Turtle Pancake

A few days ago I rounded a corner and saw a box turtle on the road. It was just sitting there with its head out and its legs in. I hit the brakes and knew I couldn't stop, so I carefully straddled it with my tires. I looked in the rear-view and it was still just sitting there, so I decided to go back and save it - to pick it up, carry it across the road, and wish it on its way. 

I threw the car into reverse. 
I slowly applied the gas. 
I backed up, up, up, and...

CRUNCH. 

That was it. The end of my good deed. Of the turtle. 

And that, dear internet Amigos, is a pretty good analogy for this past month for me, emotionally-speaking. 

I don't want to overstate the situation by conflating my period of extended funk with actual clinical depression... but I'm not exaggerating when I say that there are times when it's not a lot of fun to be me. When it feels like every action I attempt to take in a positive direction ends up killing a turtle. Depression isn't sadness, for me, it's an inability to quite get my eyes off the fact that life is dank and dirty and cruel. The baddies win and no matter how hard a shell you think you've got against that, in the end you're just gonna get crushed. 

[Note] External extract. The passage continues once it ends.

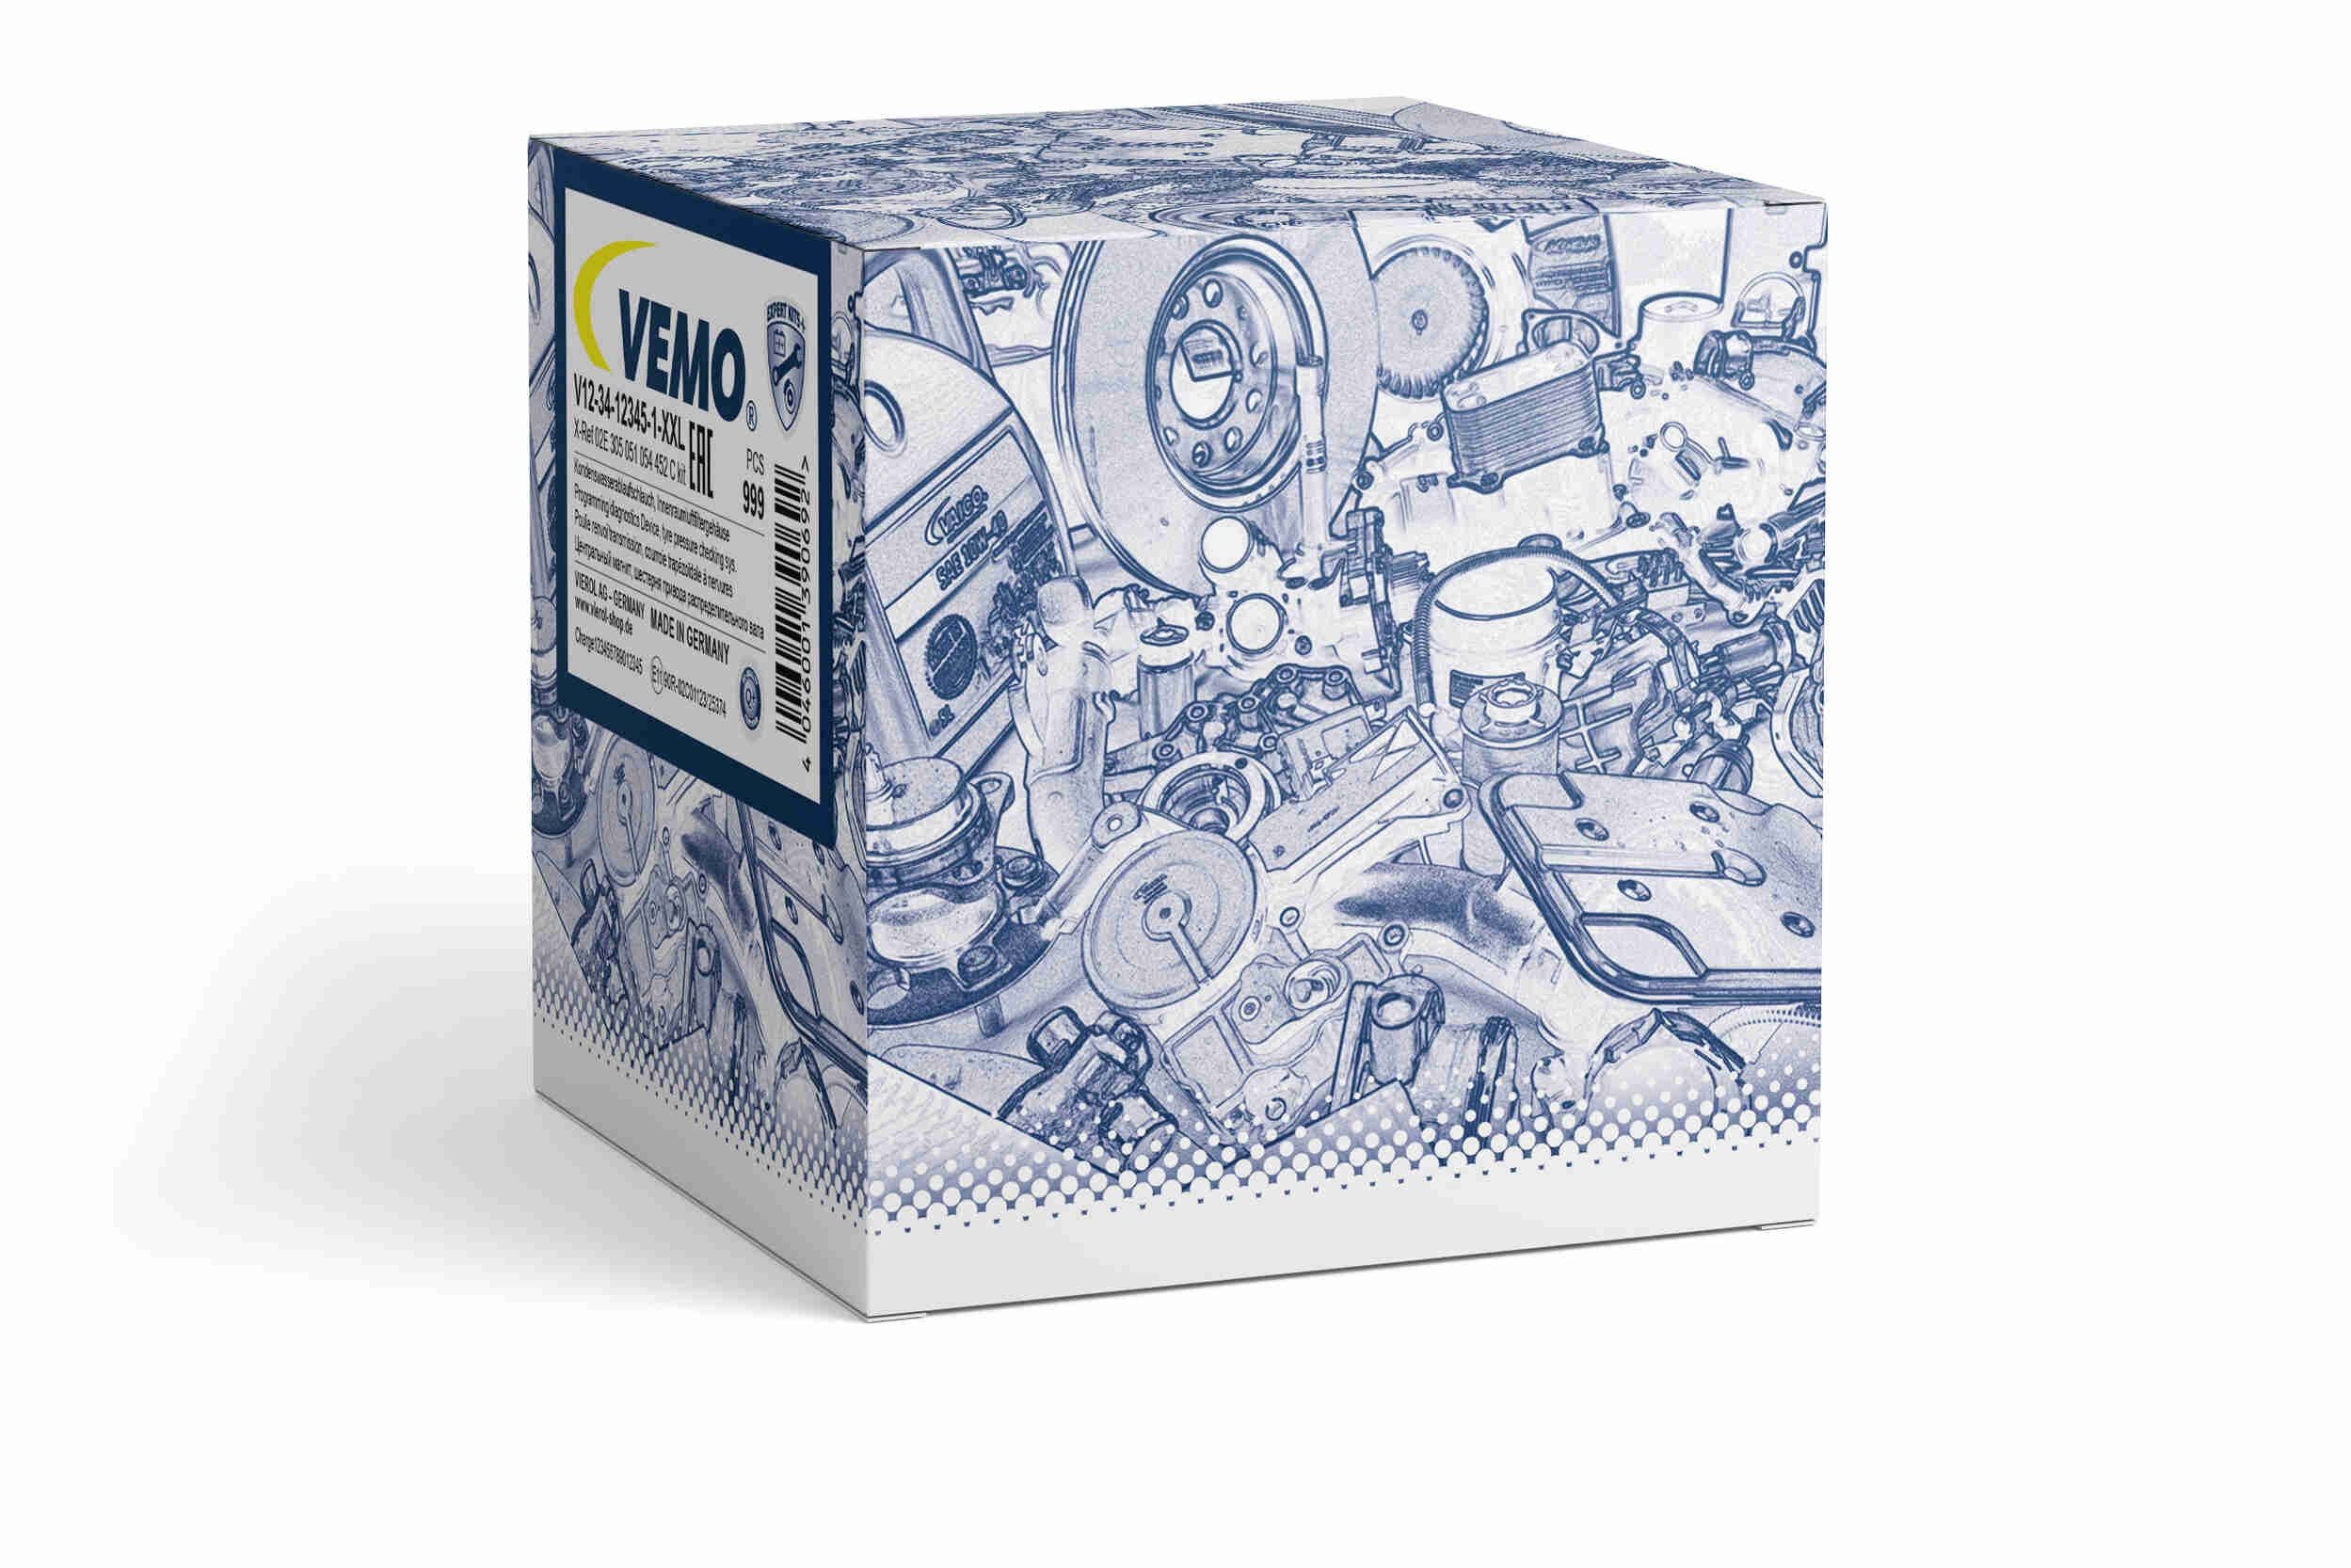 VEMO V30-72-0184 Sensor, engine oil level Q+, original equipment manufacturer quality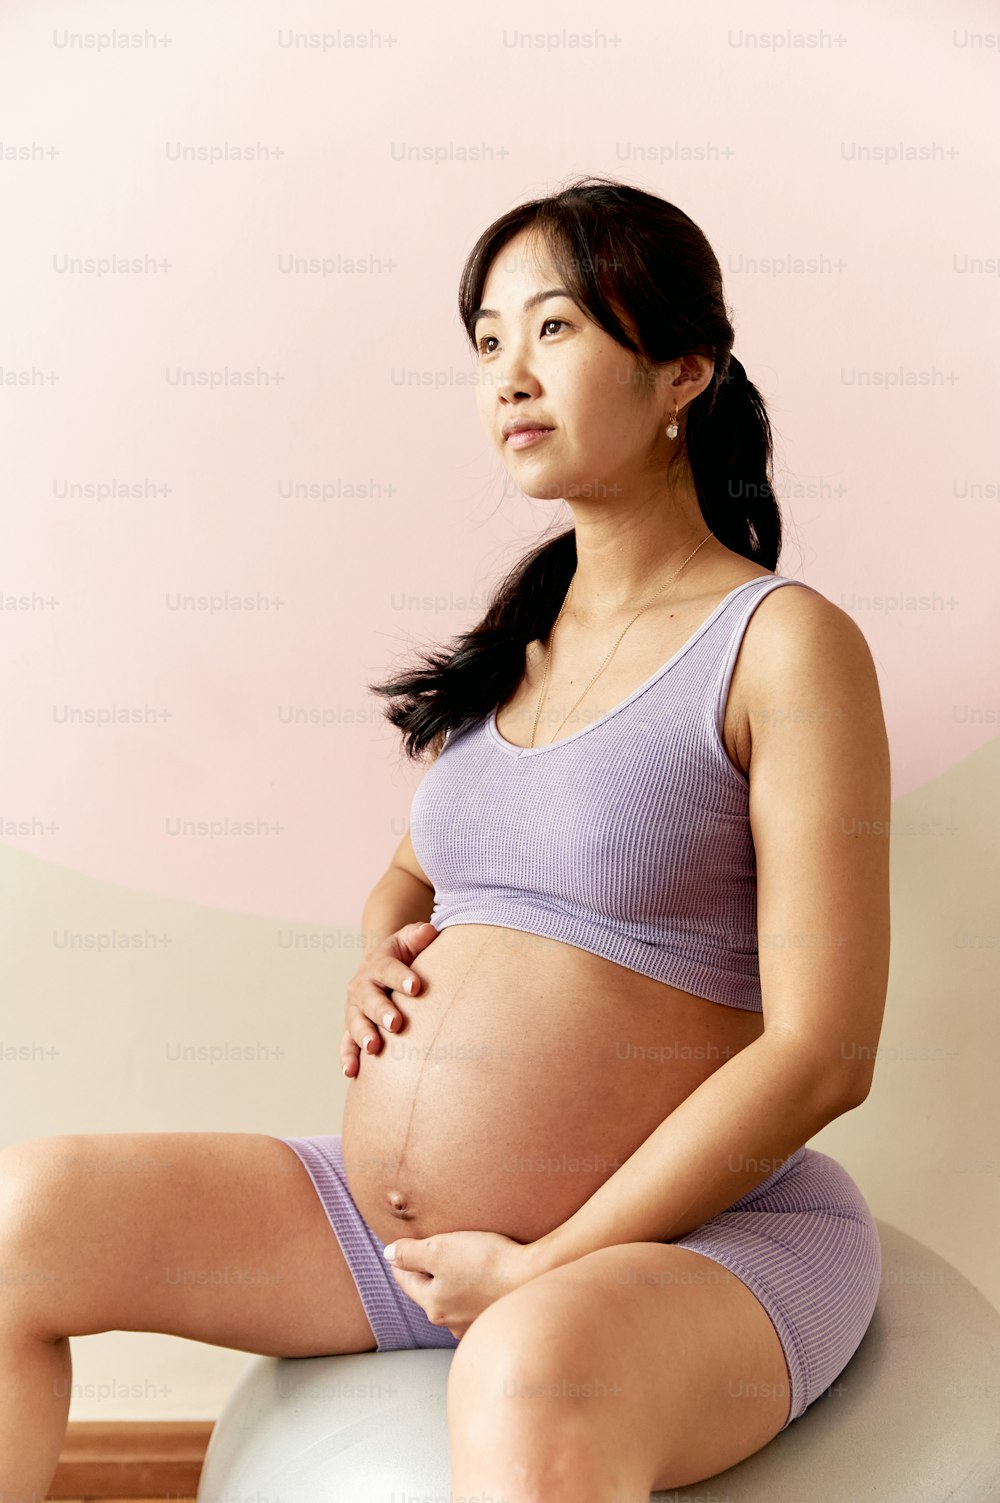 Una mujer embarazada sentada encima de una pelota

My woman-friend tells me that this is okay. That it's part of what makes me who I am - part of what allows me to see the world with a measure of clarity not available to the perpetual optimists amongst us (God bless 'em in their mind-boggling blindness). 

For some reason, though, killing a turtle was a turning point for me. 

I've always loved animals, so I absolutely hate when I'm the cause of their suffering. And when I've flattened an animal on the road with a car before, it's generally been the catalyst for a spiraling down into a deeper gray funk. 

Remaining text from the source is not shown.